DCPA Performs McBride’s Play

Vander Ritchie and Gwen Ramsey

“Sometimes you write a play a couple days before it’s due, and then you accidentally win a playwriting competition,” said junior Ruthie McBride, who recently won the AT&T High School Playwriting competition. The contest, which is offered through the Denver Center for the Performing Arts (DCPA) was a statewide competition for High School students. Three other plays from SHS were finalists, written by junior Elliot Hales, junior Vander Ritchie, and seniors Ellie Rodak, Hannah Frost, and Loriana Cassidy. Students submit short plays, and out of them ten finalists are chosen, and out of those ten, three winners are picked to be performed.

“You never know what can happen. I didn’t expect to win it at all. I’m happy I did; I just didn’t expect it at all,” McBride said. “My play is a high school romance. The main character’s name is Reid, and he’s in love with the school’s popular girl. In order to get her, he gets a love potion from his friend, Marjorie, but it goes kinda wrong. But, it ends up in everybody’s favor.” McBride’s play was first chosen as one of ten finalists, and then was picked as one of the three winners. The three kids who won had their plays all performed by DCPA performers on May 1st. “The most fun part was hearing all the kid’s they’ve cast. I say kids, they’re my age, but all the people they’ve cast for my roles, like hearing them read through the play the first time, and actually put a lot of effort into knowing the lines was super cool.”

“It was an assignment in Creative Writing,” said McBride. Every kid who takes college Creative Writing with Jodi Demoss writes a play, and then submited it to DCPA.

“From the class, I think there were 16 [out of 129 submissions],” said DeMoss. In DeMoss’s class, everyone writes a play, and then DeMoss helps them through the editing process. “I was talking to Mrs. Demoss and she was like, ‘What do you enjoy’ and I was like, ‘I enjoy romcoms,’ so I wanna do something about that.”

Rodack also submitted a finalist, which she wrote with her friends Frost and Cassidy. All three of them “ have quite a bit of experience with plays’’ since all of them are a part of SHS’s drama team. “It’s about this girl who tries to join a sorority, but they decide she’s too goth to join, so she decides to summon a ghost to haunt them, but the ghost is a 1960’s hippy and the sorority ends up being a cult. They’re actually old people who take this stuff called youth juice to make themselves younger,” she explained, and then laughed a bit. “It’s an interesting way to describe it. I swear it’s better than it sounds.”

“Reading it in front of our class and hearing it out loud as people tried to play our characters was really fun, and our lines (especially the ones I didn’t write) were really funny. It was fun,” said Rodack. Part of the process in Creative Writing was for students in the class to read their plays aloud. “I was really glad about the other kids from Salida High School who got in the top ten, ‘cause I liked all their plays, and I thought one of them was going to win,” said McBride.

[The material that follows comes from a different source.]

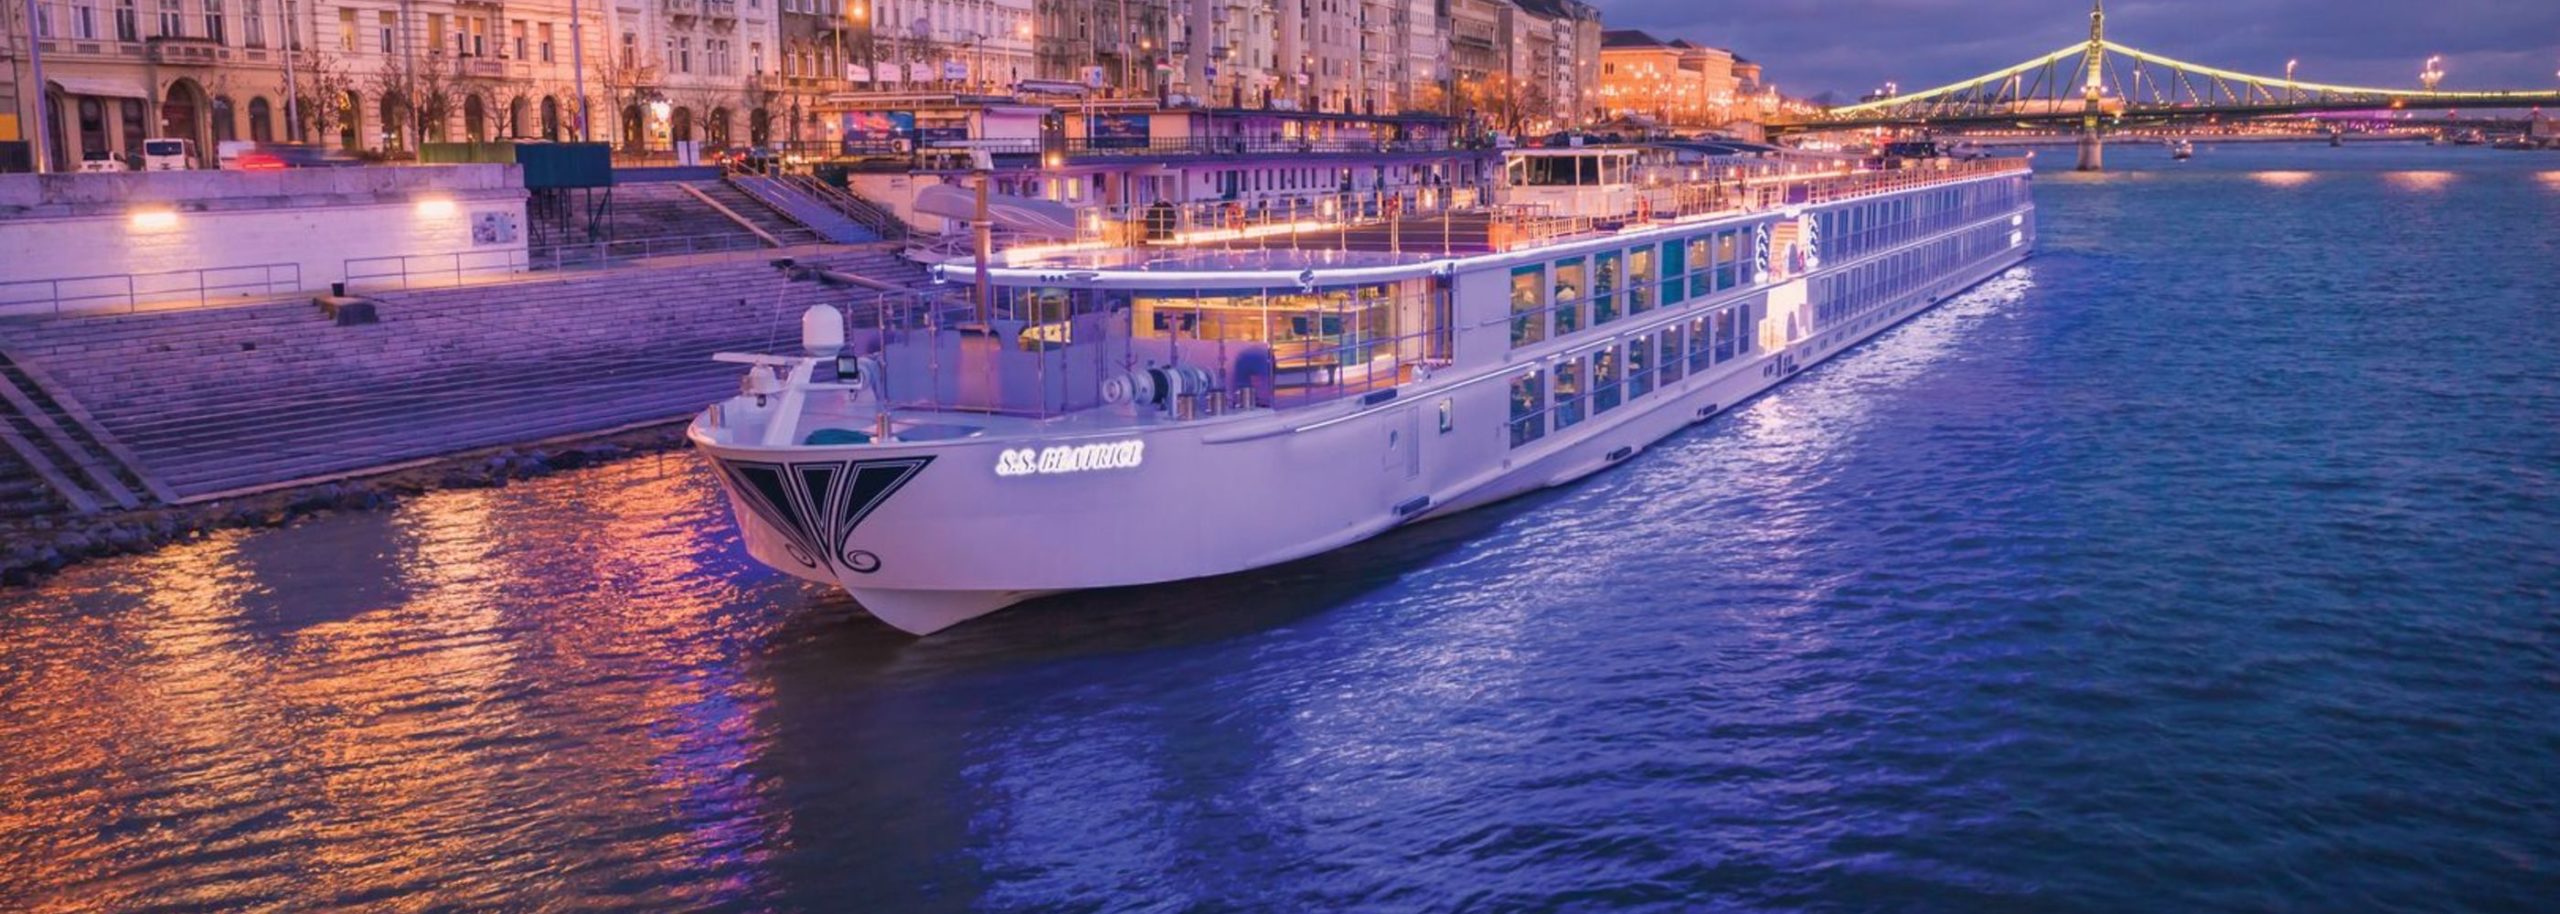 uniworld river cruise cost

DeMoss is extremely proud of her class, especially considering how well SHS did. “We were dang near half of the finalists,” DeMoss said. “It’s a really great problem to have so many finalists where you’re like, ‘Oh my gosh, am I going to forget someone?’” She has been entering her kid’s plays to the contest for about half a decade, and last year was the first time any of her students placed. “[Two students] wrote a play together called Lil’ Jesus. Judas was a rapper, Kanye West ended up being God.” And this year, she was just ecstatic at the quality of her student’s plays. “The plays were so good. They weren’t good for high school plays; they were just good plays. I would watch them anyways. They were hilarious, good character development, and really awesome.” When she found out, DeMoss “freaked out. I have this little happy noise that I make, and I was doing that a lot. I just wanted to go and find all the people and be like, ‘Wooo this is amazing!’”

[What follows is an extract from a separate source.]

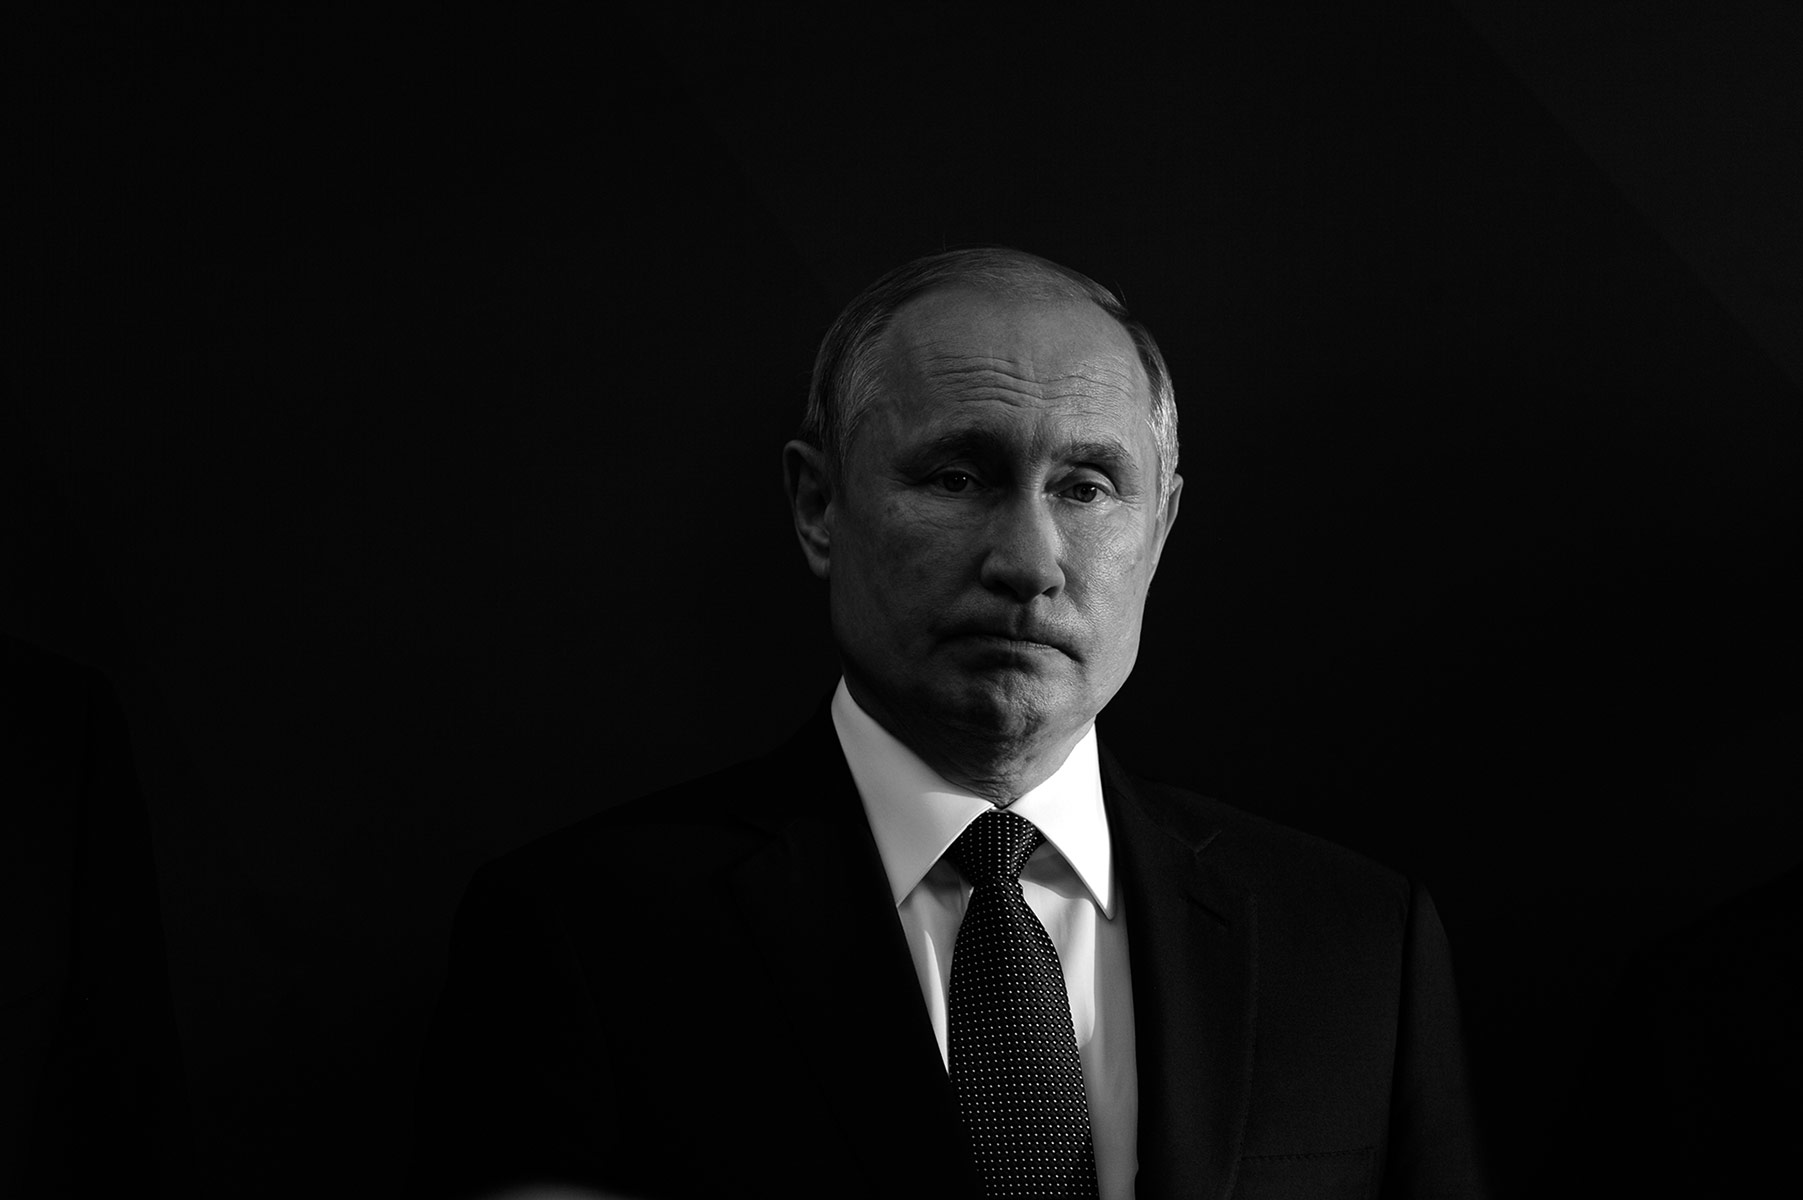 Putin.

After a few weeks in class, students submitted their plays to DCPA. “It took me a couple of weeks to write it, and then we submitted them in December. Then we got the news back at the beginning of April,” said McBride. “I had two hour long sessions with Patrick, and he helped me workshop my play, and then every day this week I’ve had two hour rehearsals over Zoom.” On May 1st, the three winners were performed and livestreamed for anyone to watch them. The videos are still available on the DCPA website. “It’s a really big honor, and it’s a really cool thing, but it’s time consuming.”

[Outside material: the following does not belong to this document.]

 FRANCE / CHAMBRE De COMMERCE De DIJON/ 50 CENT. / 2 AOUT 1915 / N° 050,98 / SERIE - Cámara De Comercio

McBride doesn’t see herself becoming a playwright. “It’s not something I’d seek out. Definitely not playwriting. It’s not my thing,” she said. McBride is graduating early, and is going on an adventure throughout South America. “I’m going to do a program. It’s like two months in Costa Rica, two months in Guatemala, two months in Peru, and you do different volunteer programs and then spanish classes.”